An attorney whose daughter received an unsolicited copy of The Little Review was outraged. He contacted the New York Society for the Suppression of Vice, which went to the New York district attorney. Anderson and Heap were arrested, and a three-judge panel was appointed to hear the case. Heap later wrote the Review’s reaction.

“Mr. Joyce was not teaching early Egyptian perversions nor inventing new ones. Girls lean back everywhere, showing lace and silk stockings; wear low-cut sleeveless blouses, breathless bathing suits; men think thoughts and have emotions about these things everywhere — seldom as delicately and imaginatively as Mr. Bloom — and no one is corrupted.”

An expert witness for the defense explained how “Ulysses” employed Freudian concepts of the unconscious mind. A judge asked him to speak a language the court could understand. When the defense attorney admitted he didn’t understand Joyce’s writing, a judge replied: “Yes, it sounds to me like ravings of a disordered mind.”

The panel found the book violated the prohibition on distributing pornography by mail. Some scholars think the judge’s decision was partially shaped by the Review’s publication of Elsa von Freytag-Loringhoven’s homoerotic poetry.

Anderson and Heap were fined $100 and ordered to cease publishing chapters of “Ulysses.”

“Ulysses” remained legally unavailable in the United States until the ban was overturned in a 1933 case poetically titled: “United States v. One Book called Ulysses.” Finding it a legitimate work of art, the trial judge wrote:

“In respect of the recurrent emergence of the theme of sex in the minds of (Joyce’s) characters, it must always be remembered that his locale was Celtic and his season spring.”

In 1924, Anderson moved to France to study with George Ivanovich Gurdjieff, a Russian-born mystic and spiritual teacher who taught that most people live in a zombielike state. “Man lives in sleep, and man dies in sleep,” Gurdjieff said. His remedy was a mix of physical exercises, hard labor and a quest for inner enlightenment.

Anderson wrote an introduction to Gurdjieff’s ideas. The book’s premise paralleled her magazine’s slogan: “Make No Compromise with the Public Taste.”

“But first, it would have to be understood that these ideas cannot be made available to everyone,” she wrote in “The Unknowable Gurdjieff.”

“The masses don’t want them, and couldn’t understand them. Clergymen, priests, evangelists, Billy Grahams, serve the needs of those whose aspirations are on a different level, and who, in the hierarchy of ‘accident,’ never rise above that level.”

Gurdjieff taught men and women.
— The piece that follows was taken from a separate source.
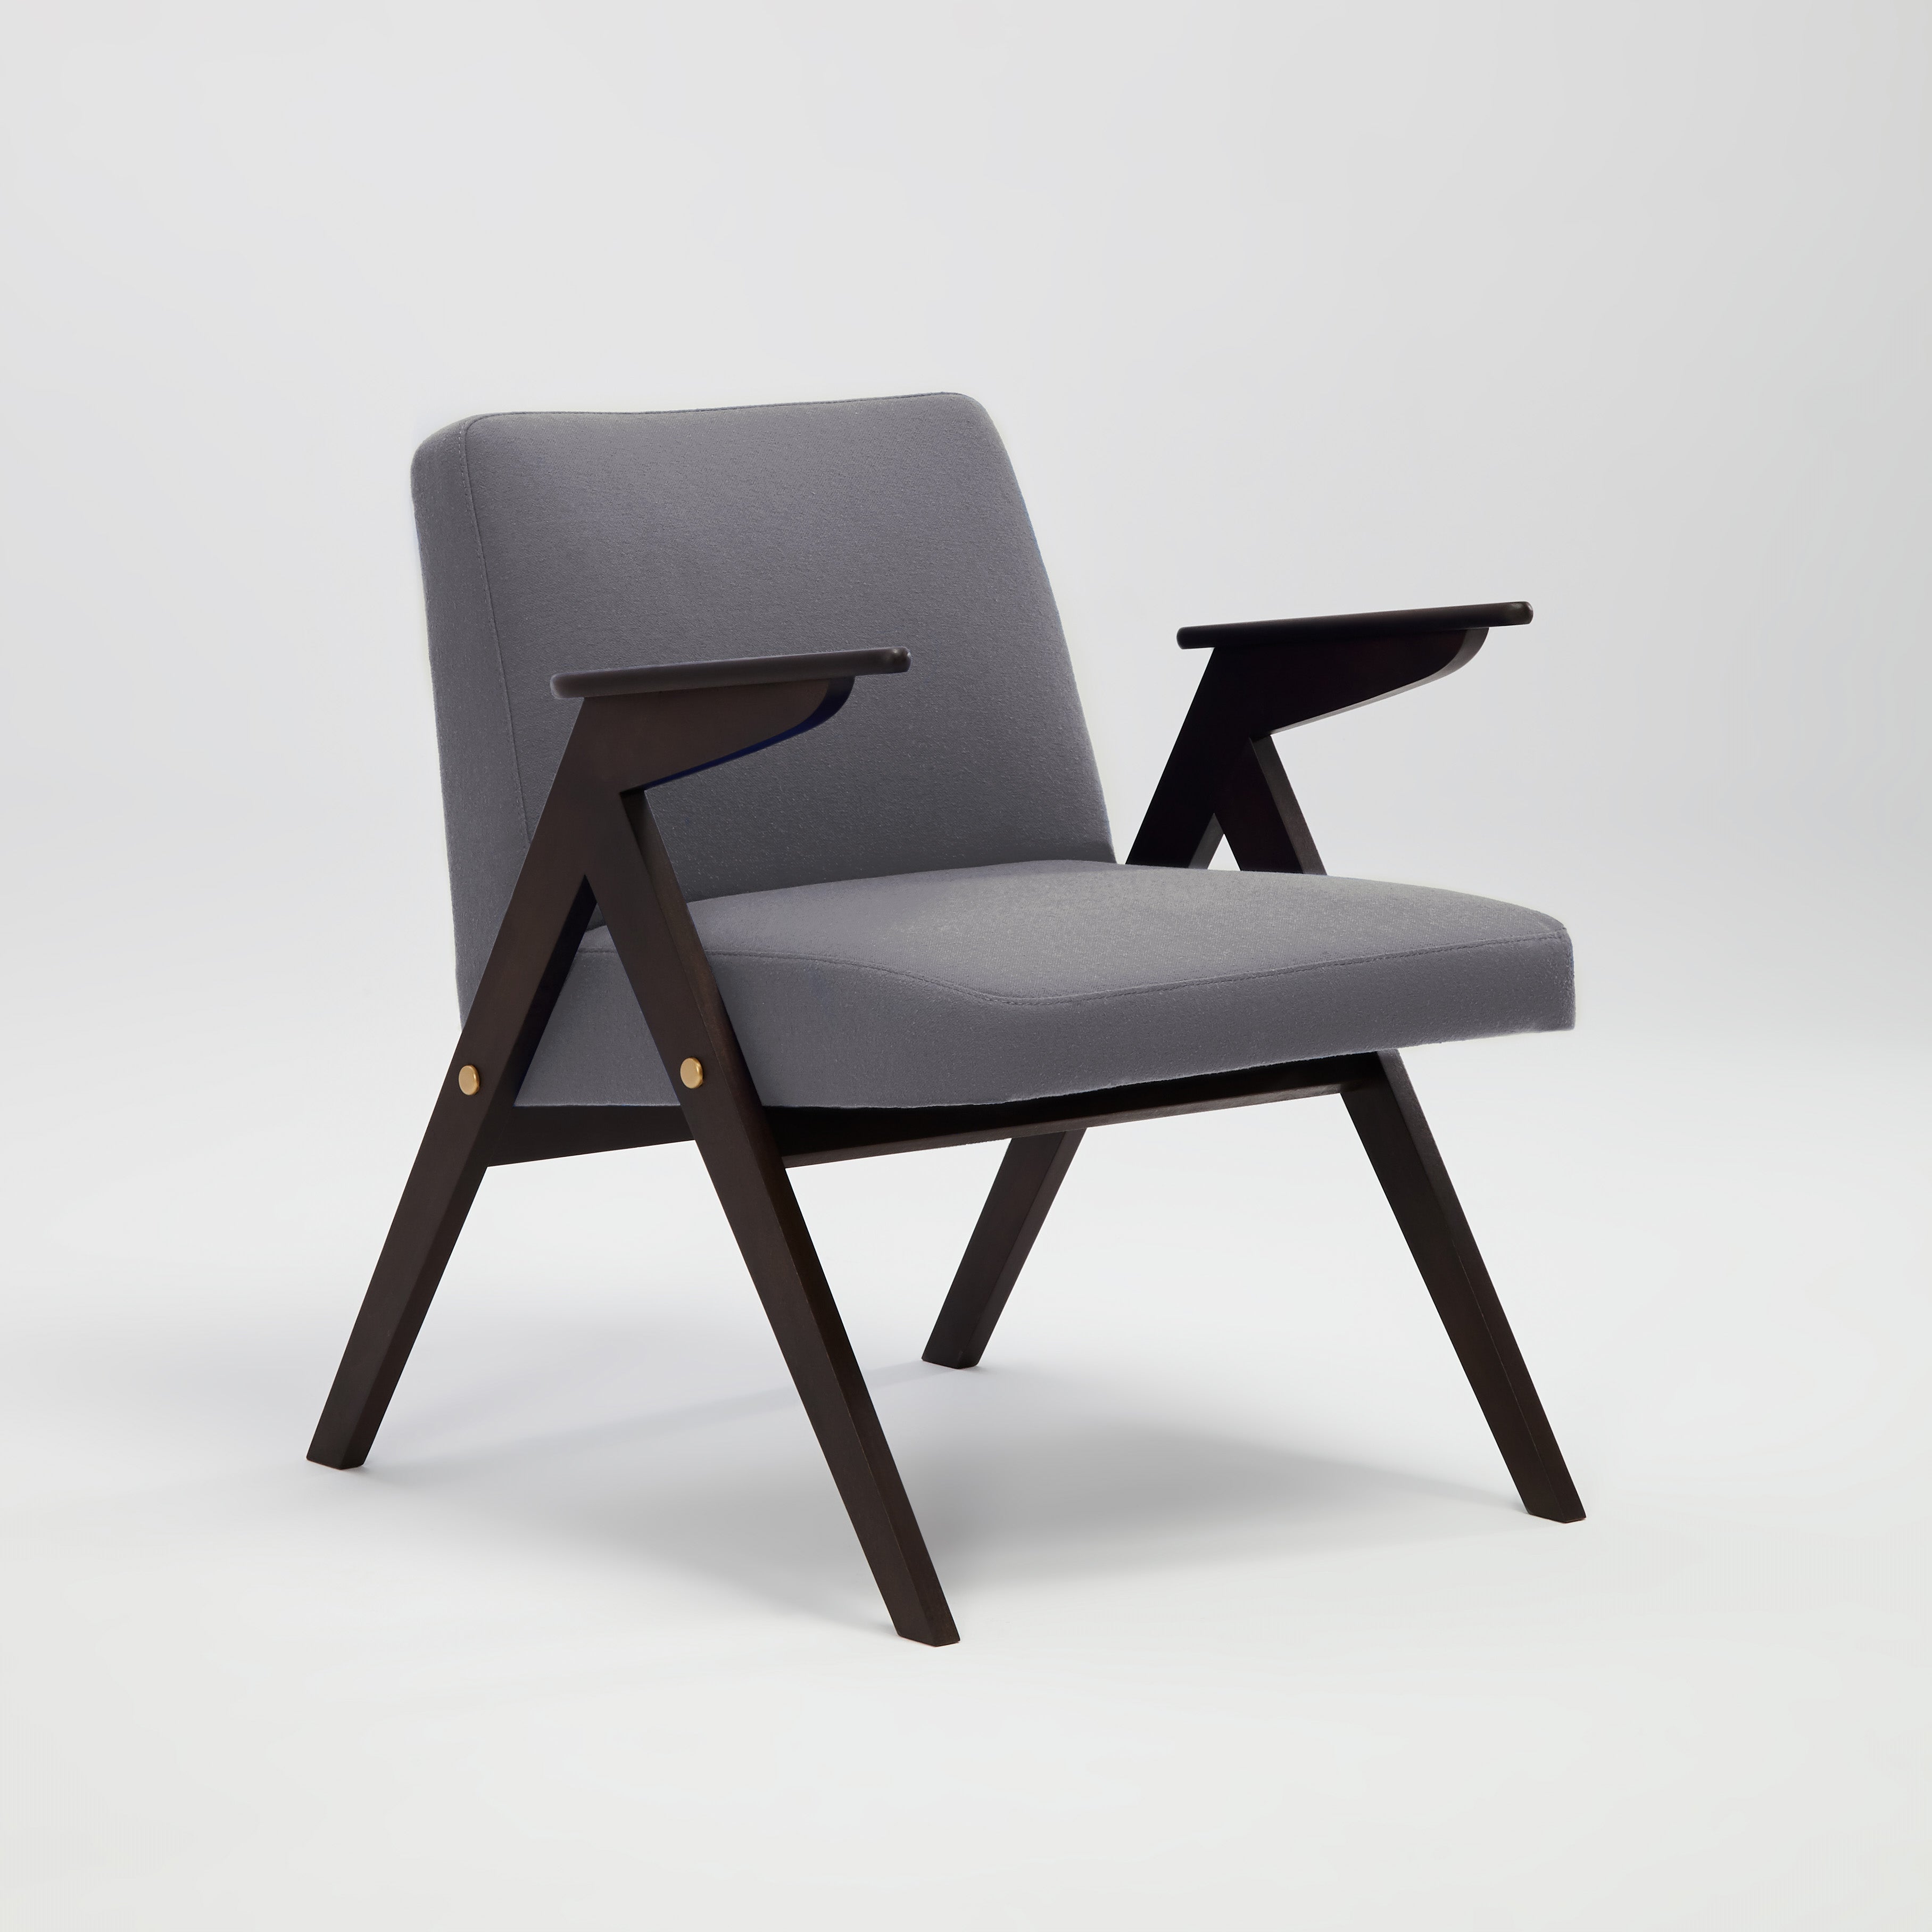 JUNCO Chair black beech wood upholstery colour grey

But Heap, who joined Anderson in Paris in 1925, formed an exclusively female Gudijieff group. Many were gay, like Anderson and Heap. Several were Anderson’s future lovers.
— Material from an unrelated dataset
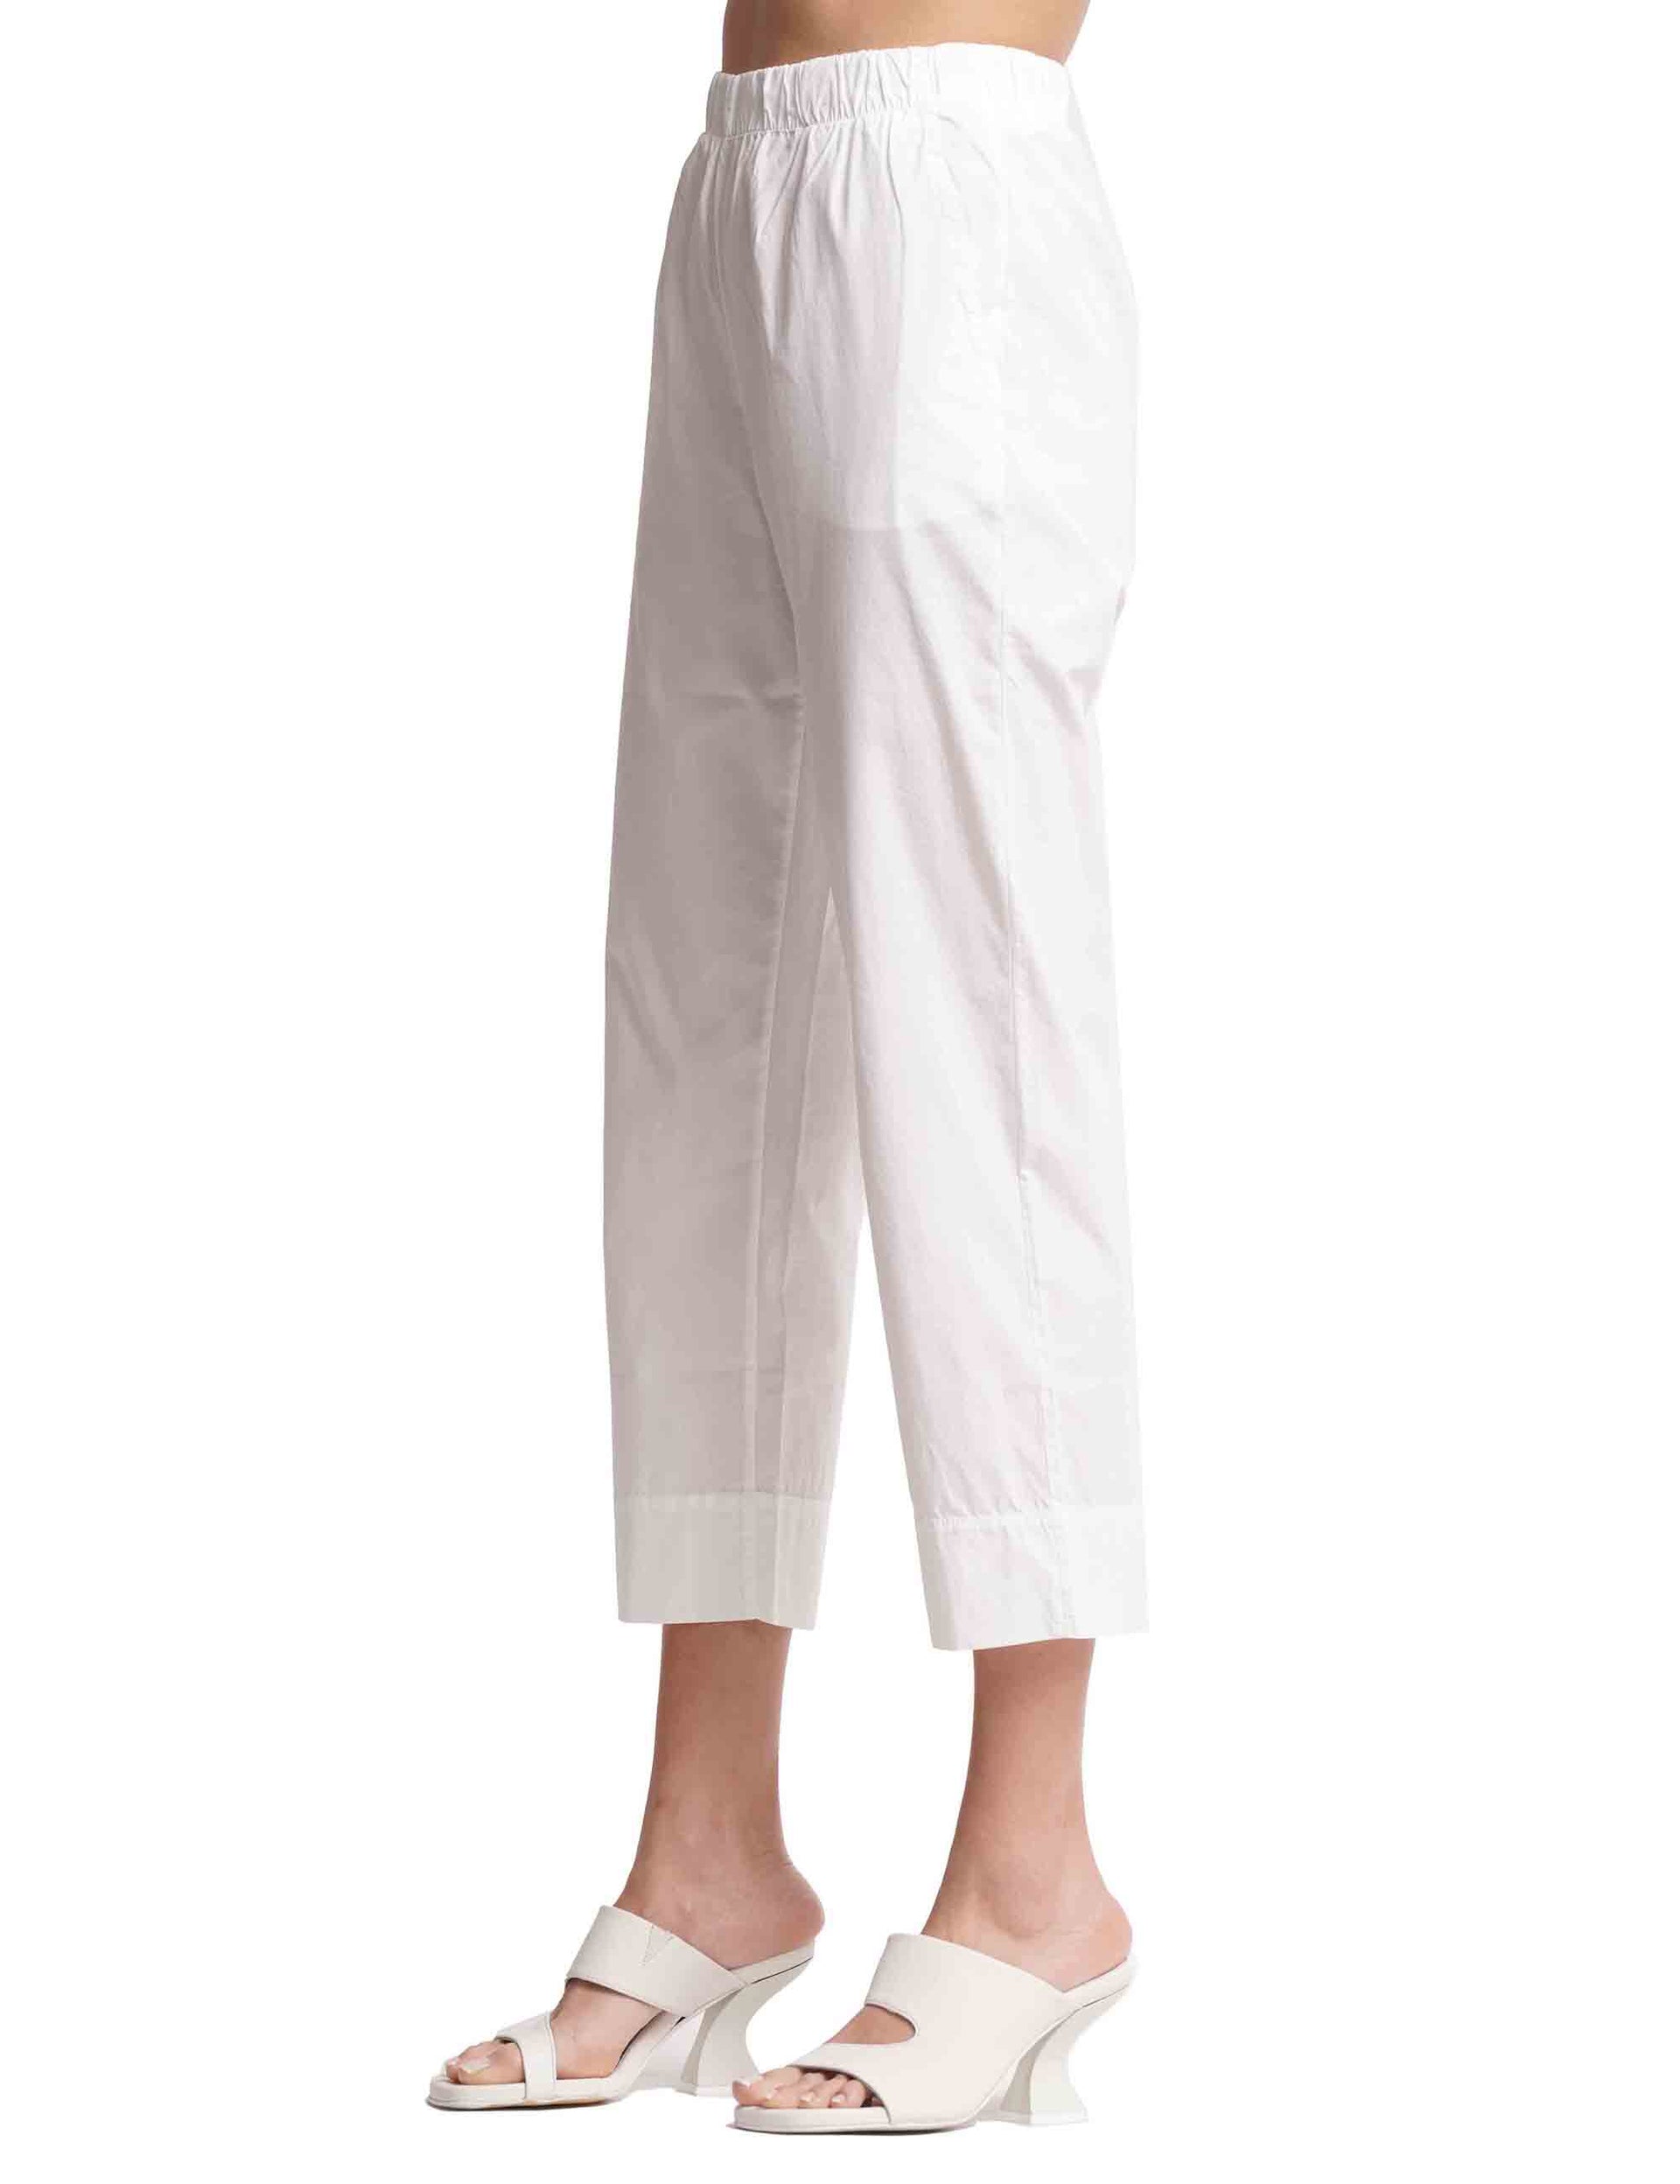 Women's white cotton trousers with elastic waist

Anderson and Heap separated. Heap put out the last issue of The Little Review in 1929 and moved to England.

By 1942, Anderson needed a place to sit out World War II. On the voyage across the Atlantic, she met the widow of Enrico Caruso, the famed operatic tenor. Anderson and Dorothy Caruso became lovers and lived together in New York until Caruso’s death in 1955.

Anderson returned to France, where she lived in a lighthouse with the opera singer Georgette Leblanc, formerly the lover of Maurice Maeterlinck, a Nobel Prize-winning Belgian dramatist.
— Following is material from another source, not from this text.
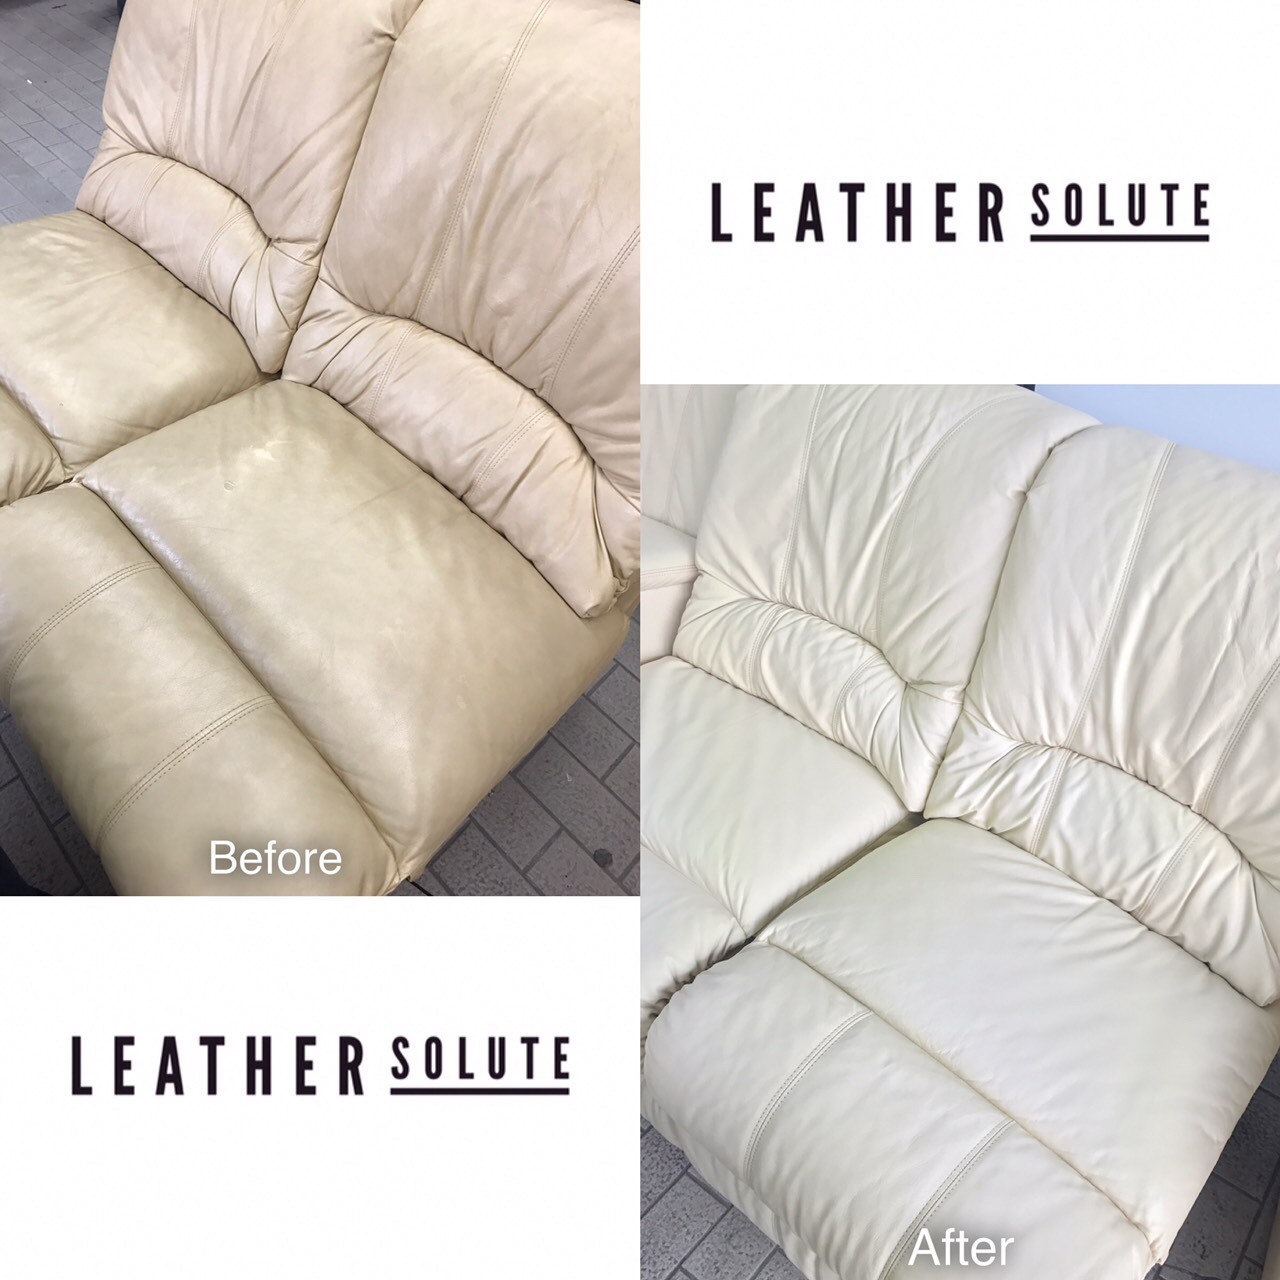 //leathersolute.co.th/wp-content/uploads/2018/12/Cleaning-furniture_๑๘๑๒๓๐_0008.jpg

There, Anderson wrote a novelistic memoire, “Forbidden Fires.” She died in 1973 and was buried next to Leblanc.

From a beach in Lake Bluff to a lighthouse in the south of France, Anderson echoed in her words and deeds the last lines of “Ulysses.”

It is a soliloquy by the narrator’s wife, Molly Bloom:

“Then I asked him with my eyes to ask again yes and then he asked me would I yes to say yes my mountain flower and first I put my arms around him yes and drew him down to me so he could feel my breasts all perfume yes and his heart was going like mad and yes I said yes I will Yes.”